Some have argued that this is not the complete secret. Possible, I suppose, but I find it most unlikely. To believe that, I would have to believe that this sainted Pope was intentionally deceptive. I would have to further believe that then Cdl. Joseph Ratzinger (the future Pope Benedict XVI), the prefect of the Congregation for the Doctrine of the Faith and the then still-living Sr. Lucia were co-conspirators with him in the deception. Good interpretation is brutally hard as it is. I prefer to act with great restraint. That does not mean that there is never a conspiracy afoot, but I have to see real evidence or compelling logic to consider such a thing. To believe that both St. John Paul and the future Pope Benedict, who risked death when they were young to live fidelity to their faith and that Sr. Lucia, who gave her whole life in orthodox service to the Lord, suddenly became cheap, deceptive hucksters defies all logic. People who think everything is a conspiracy simply put the cart before the horse. They come up with some wacky narrative of their own devising and torture all facts and evidence that come to light to contradict it to support their own narrative. It is the modern form of Gnosticism, the seduction of claiming secret knowledge that is counter-factual and counter-logical. It’s a fool’s game that does not just complicate interpretation, but makes it impossible. If somebody begins a conversation by assuring you that they are nobody’s fool or that they know the score, prepare yourself for a lengthy fact-free and unhinged rant. It is a waste of time and a playground for the devil.

I had been a great admirer of St. John Paul II from early in his papacy, while I was still a Protestant. It seemed to me that the abuses that were commonplace among clerics in the ‘70s and ‘80s, all justified under the “spirit of Vatican II” were simply attacks on the faith, itself.
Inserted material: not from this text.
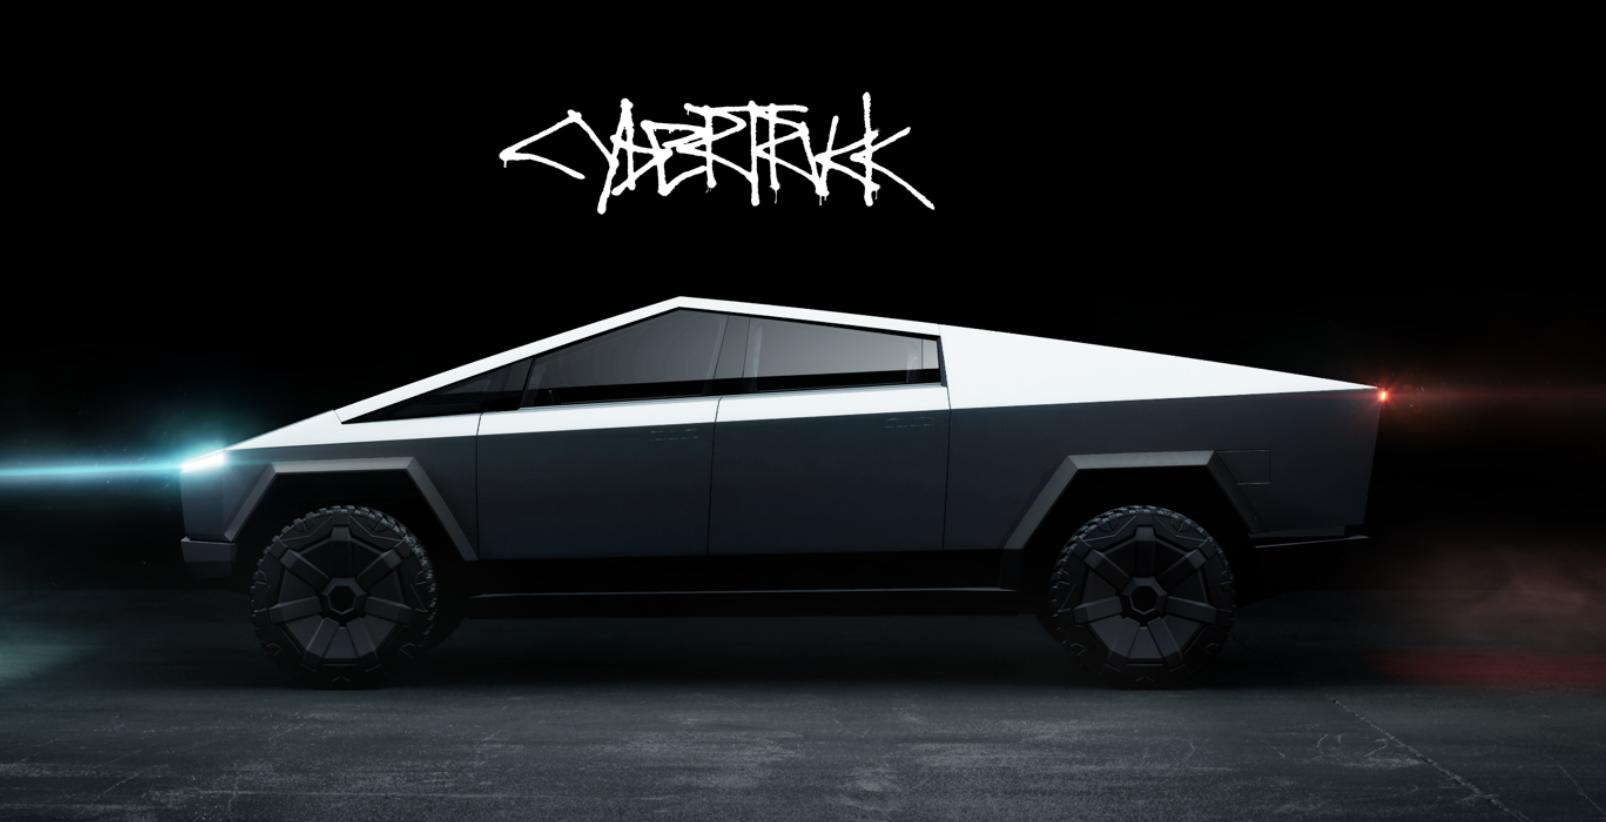 The Tesla Cybertruck S Graffiti Style Font Has Merchandise Written All Over It Top Speed Tesla Vehicles Electric Cars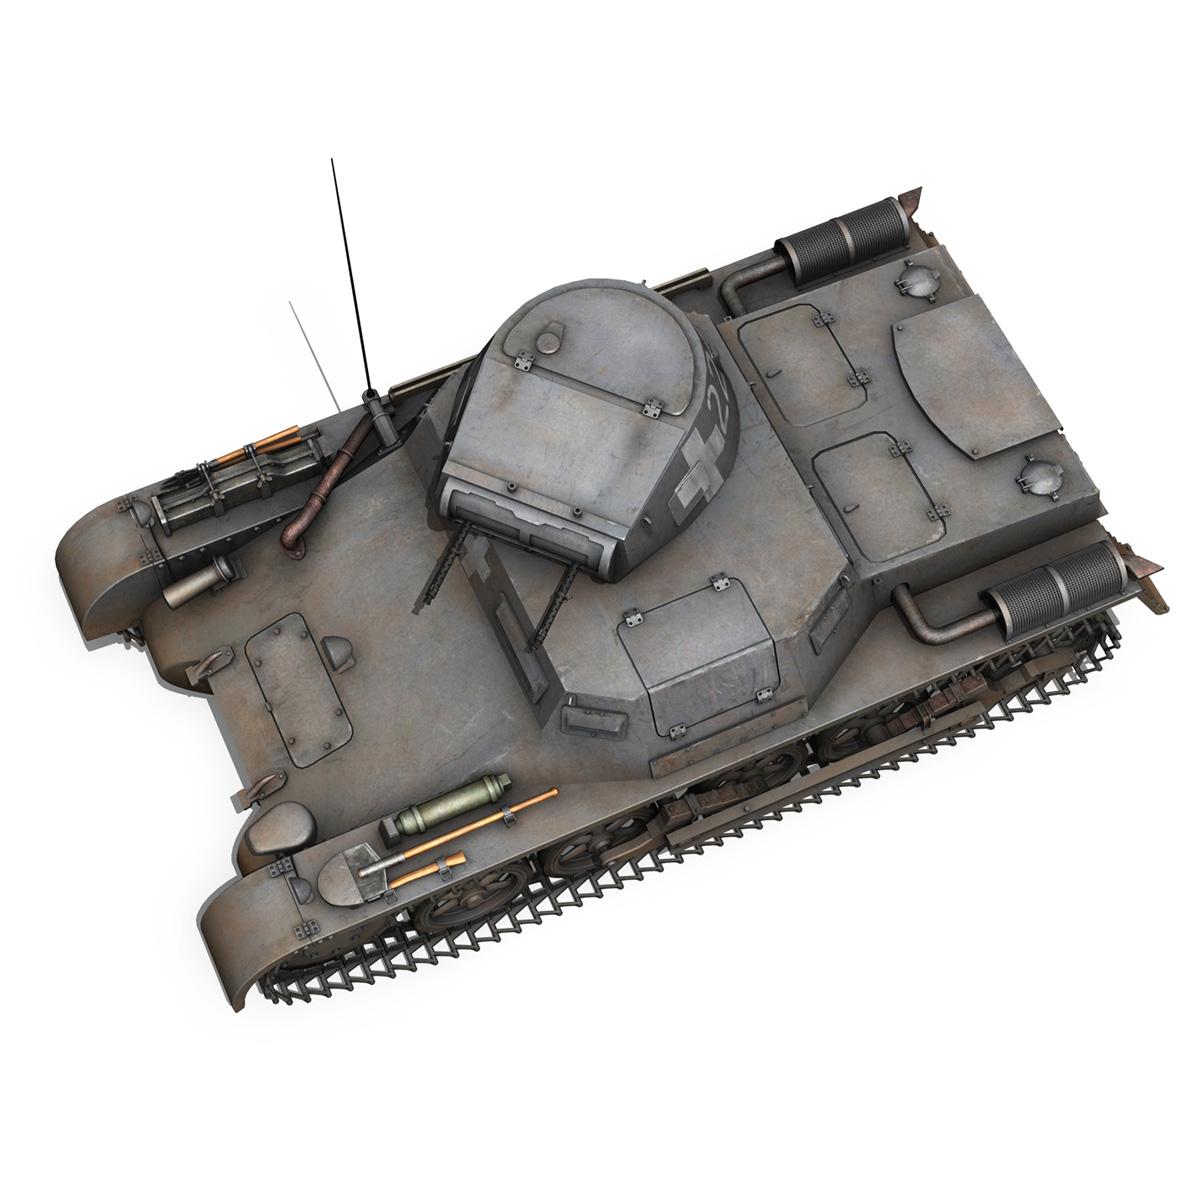 pzkpfw 1 - Panzer 1 - ausf. a - 22 3d modell 3ds fbx c4d lwo obj 186933

They were the rotting wood afflicting the ship of faith – and were contrary to the Documents of Vatican II. The “spirit” of Vatican II is like the “penumbras” liberal judges always assign to the Constitution – a means of contradicting what the documents actually say in order to justify what those clerics and judges want. By the ‘90s Pope St. John Paul was a veritable fountain of orthodoxy, issuing perhaps the most magnificent series of Encyclicals in history, defining and securing the ancient orthodox interpretations of faith, salvation, our evangelical calling, marriage and the family. He was relentlessly pulling away all the rotted timber from the ship of faith and replacing it with new, seasoned lumber to prepare the ship for a great crisis. It was hard for opponents to credibly argue that Pope St. John Paul was violating the “spirit” of Vatican II since he had been one of the prime intellectual and theological architects of that council.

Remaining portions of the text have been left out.